Instructions for the task -> The data that follows is to be copied exactly, with each image removed.

Given information ->
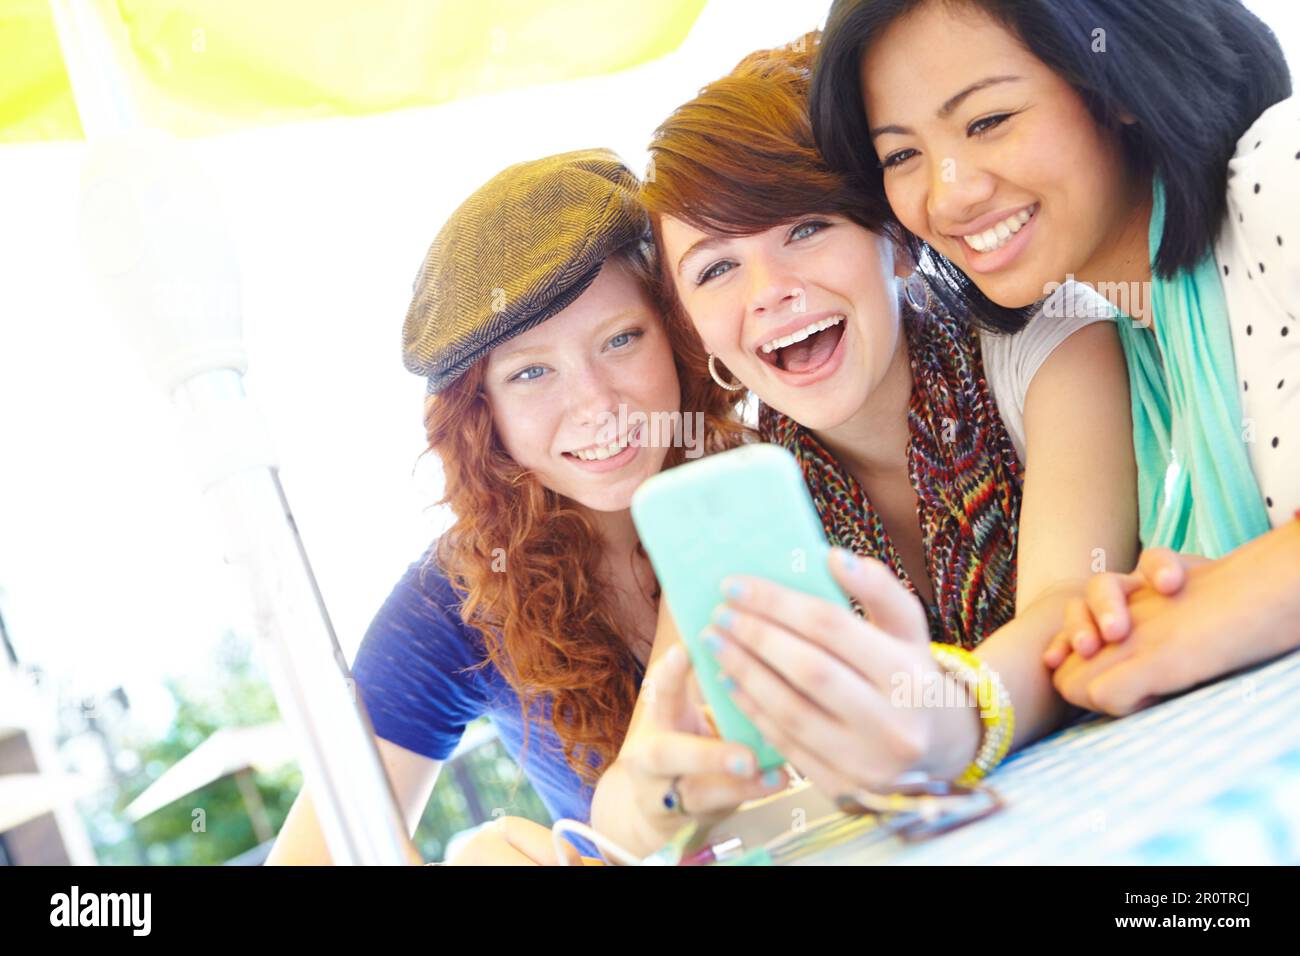 Technological fun. A group of adolescent girls laughing as they look at something on a smartphone screen. Stock Photo
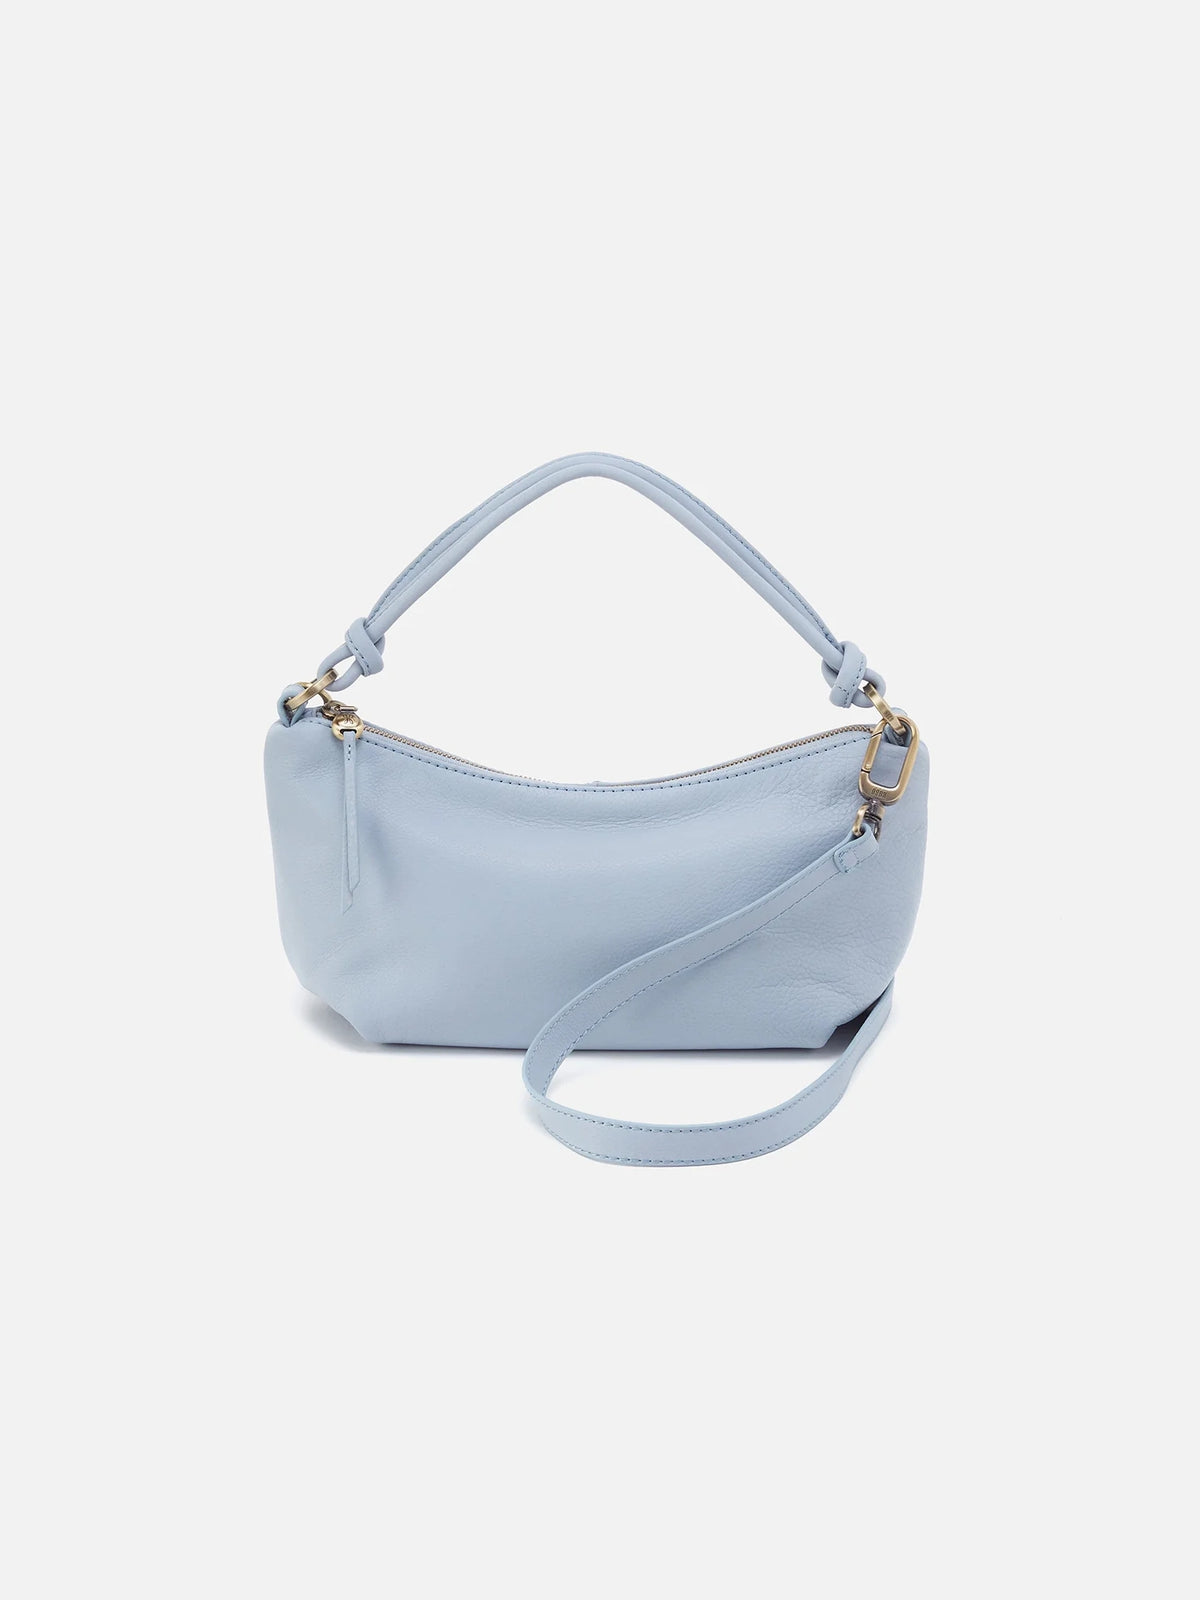 hobo lindley crossbody soft pebbled leather in pale blue-front view
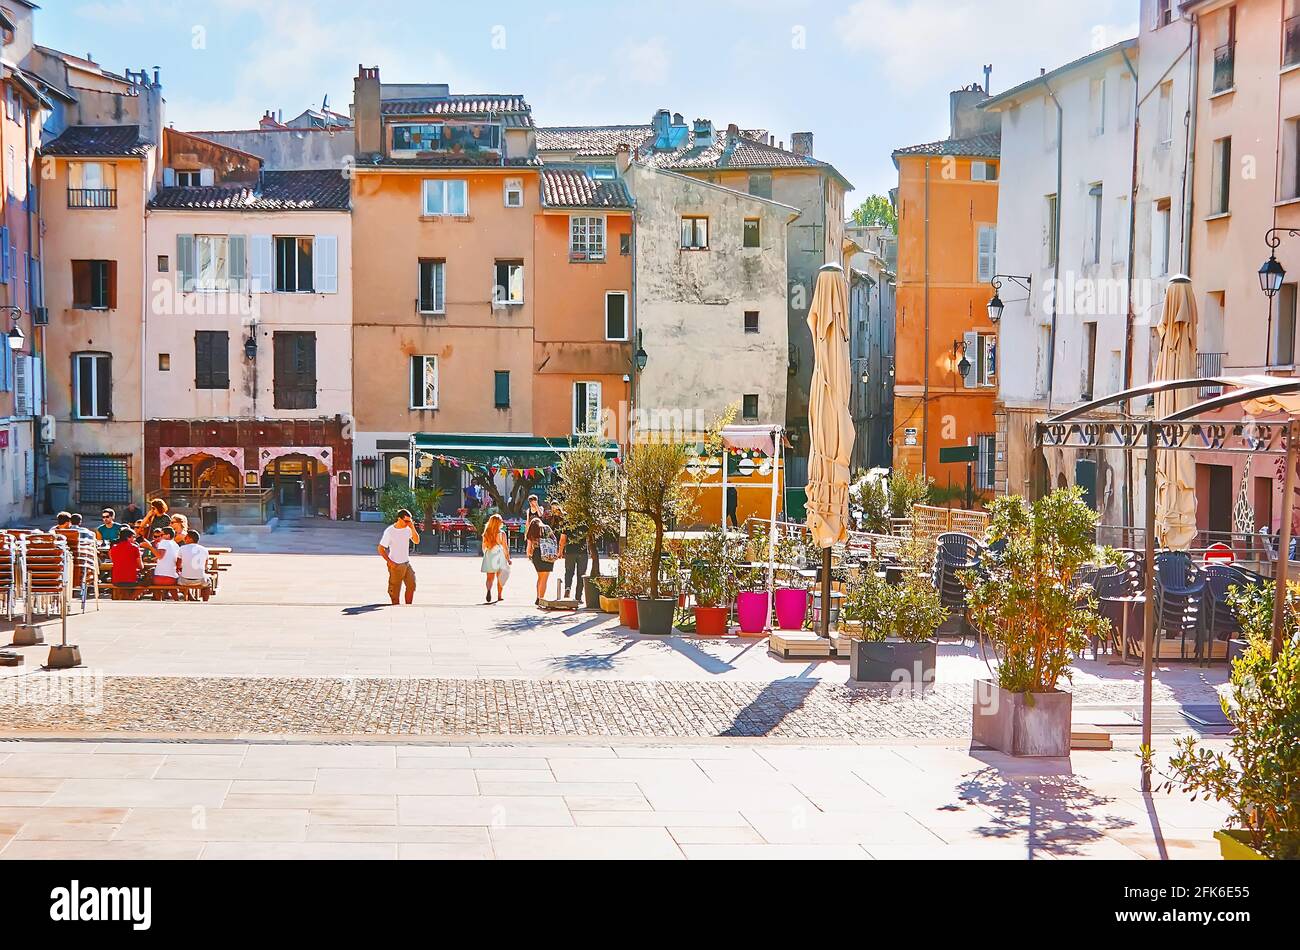 AIX-EN-PROVENCE, FRANCE- MAY 6, 2013: The old dense housing in Forum des Cardeurs Square with cozy bars, cafes and outdoor restaurants, on May 6 in Ai Stock Photo

Exercise answer ->
 Technological fun. A group of adolescent girls laughing as they look at something on a smartphone screen. Stock Photo
 hobo lindley crossbody soft pebbled leather in pale blue-front view
 AIX-EN-PROVENCE, FRANCE- MAY 6, 2013: The old dense housing in Forum des Cardeurs Square with cozy bars, cafes and outdoor restaurants, on May 6 in Ai Stock Photo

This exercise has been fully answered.